初公判での男(右端)(イラストと構成・松川久美)

 午後9時ごろ、医師ら7人が現場となる男の自宅を訪れた。男は日常的に医師らとの会話を録音しており、事件当日の音声も録音されていた。検察側はこの音声データを法廷で再生した。
 録音は医師らとのやりとりから始まる。「72時間で再生する淡い期待がある」「なんとなく胸が動いた」。落ち着いた声色だ。
 話題はなぜか銃に移る。「先生がエアガンお好きだというので」。エアガンを何発か撃ったような音がした。男の法廷での説明によると、医師の趣味がサバイバルゲームと聞き、場を和ませる目的だったという。誰かが線香を上げたのか、仏具の「おりん」を鳴らすような「チン」という音も聞こえた。
 そこから状況は急転する。静寂に包まれた法廷に突然「バン、バン」と大きな音が響き渡った。散弾銃の発砲音だ。「痛い」「やめろ」「110番」「だめだってば」。男女の悲鳴やどなり声、ばたばたと逃げ惑うような足音が続く。その後さらに銃声が聞こえ、再生は終了した。

▽110番通報も再生。助け求める声も

 法廷では、事件直後の110番の内容も再生された。
 通報は現場にいたクリニック関係者によるものだ。男性が息を切らしながら「発砲です」と告げた。後ろでは別の男性が助けを求める声が聞こえる。
 さらに、発砲後の捜査員との電話でのやりとりが法廷に流された。「死ぬつもりでいます。未練もない。夢も希望もない」「クリニックに母を殺された感覚」「どうせ死ぬなら許せなかったやつを道連れにしてやろうと実行した」。 
 撃たれた男性医師は即死だったが、遺体は部屋に立てこもった男とともに取り残されていた。「先生は血を流して意識がない」「銃を手放すことはできないが、先生を運び出すことはできないか」と求めていた男は、警察とのやりとりに応じながら朝を迎え、突入した警察官に逮捕された。

現場周辺に集まった警察官

▽裁判の争点は殺意の有無。「断ずる」のメモ

 裁判での争点は、男に殺意があったかどうかだった。検察側は計画性を指摘し、事件の日に書かれた男のメモを読み上げた。メモには医師らを「断ずる」との表現があった。他にも計画性をうかがわせる行動が明かされた。事件前に銃砲店に連絡し、威力の高い弾丸を自身の銃で使用できるか確認していたのだ。
 男は医師への発砲について、殺意がなかったと主張した。

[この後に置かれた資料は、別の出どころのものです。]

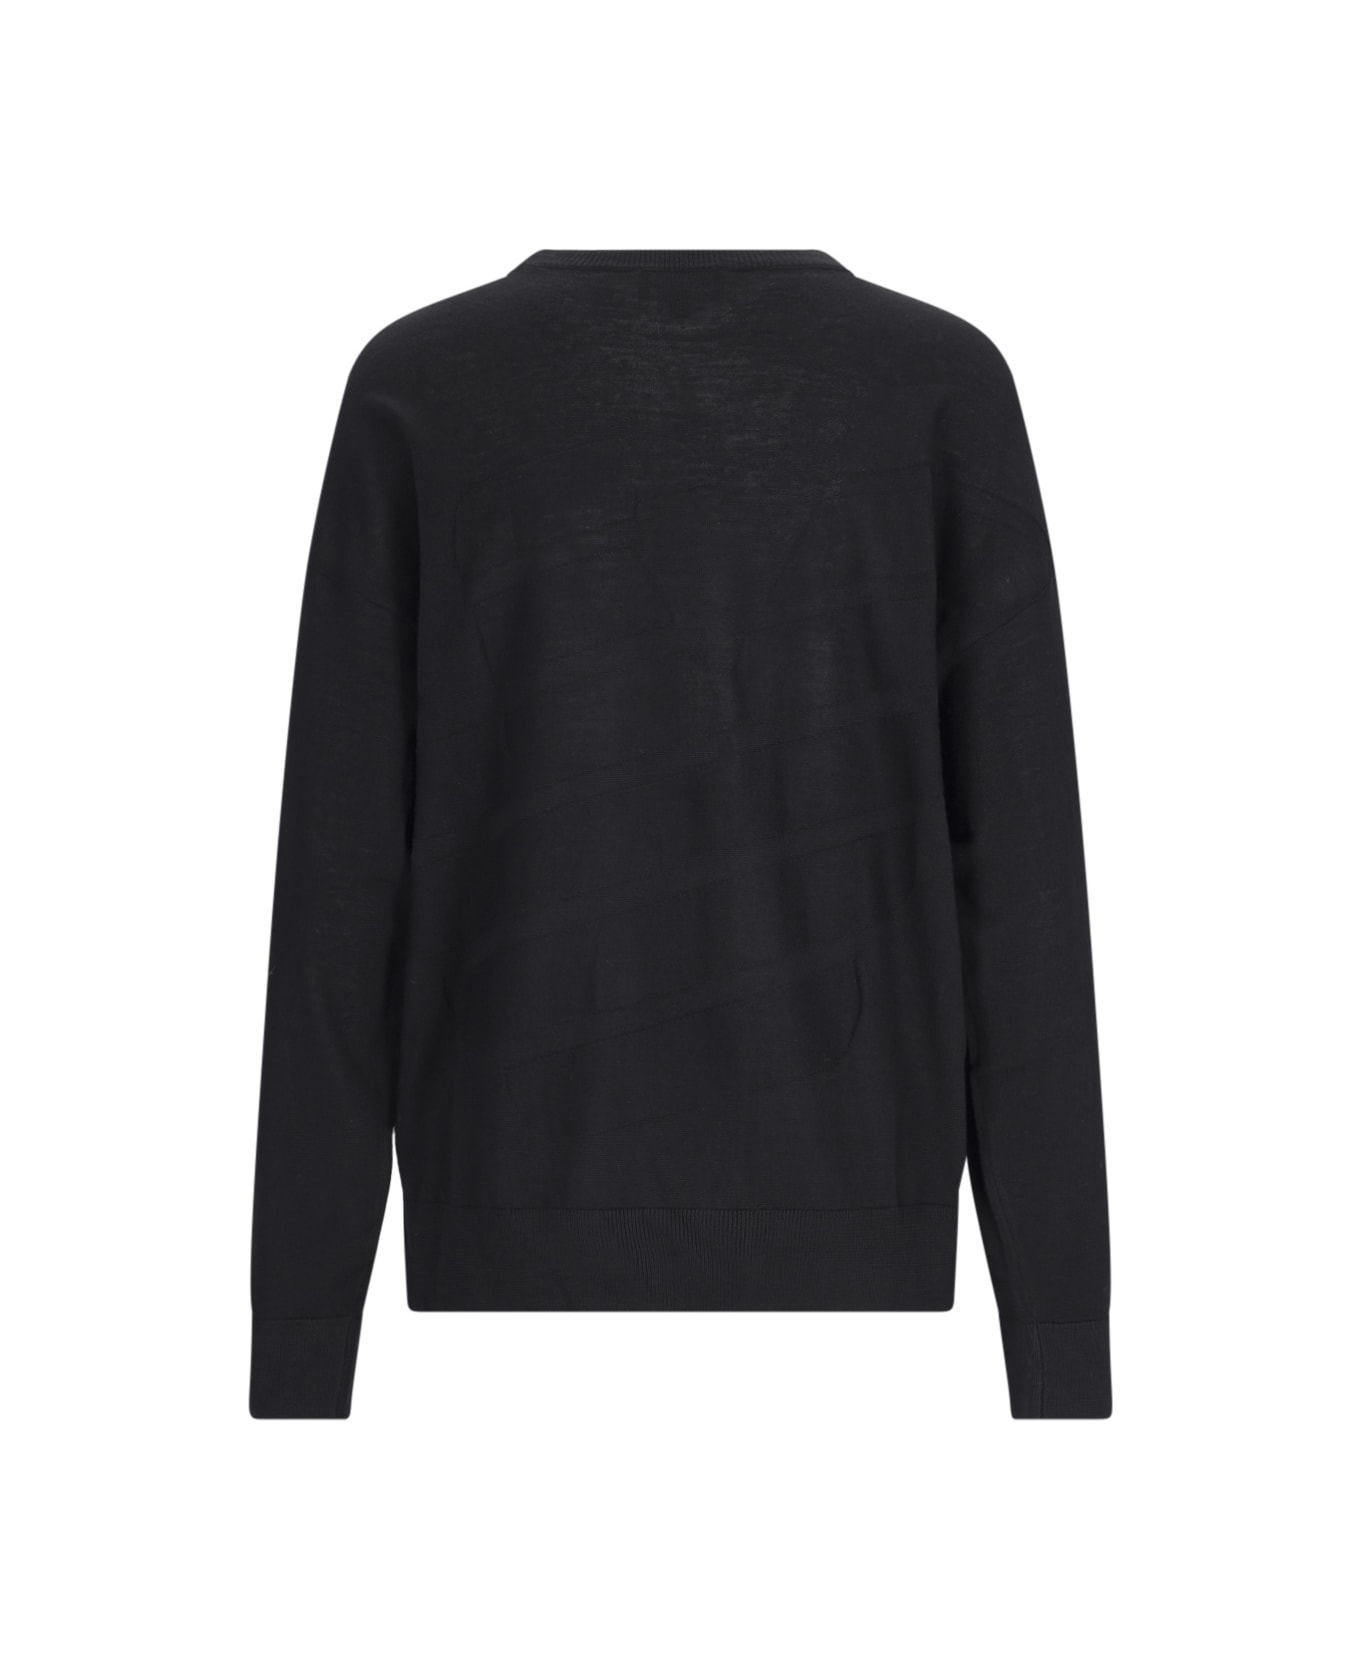 Emporio Armani Crew-neck Sweater - Black ニットウェア

その説明は「頭に血が上り、医師の膝を狙い、大けがさせてやろうと思った」。では、「断ずる」のメモは何のためだったのか。男は「アンガーマネジメントの一環だった」と弁明した。
 被告人質問では、母親の蘇生へのこだわりを改めて口にした。「母はこの世で一番大切な存在」「72時間以内なら生き返るという情報にかけていた」。男性医師に対して、「蘇生措置をやってくれなかった」「今でもおかしいと思う」と不満を隠そうとしなかった。

▽裁判所の判断は無期懲役

医師射殺立てこもり事件で法廷に立った被告の男(イラストと構成・河原アカネ)

 さいたま地裁は2023年12月、男に無期懲役の判決を言い渡した。判決理由で地裁はこう指摘した。
 (1)至近距離から発射するなど強固な殺意にもとづいている。
 (2)自分の銃で威力の強い弾を撃てるか事前に問い合わせており、計画性が高い。
 (3)母親が亡くなった大きな喪失感を考慮しても、犯行は理不尽。
 (4)男の逆恨みによる事件で、医療関係者に及ぼす悪影響も懸念される。
 男は12月、判決を不服とし控訴している。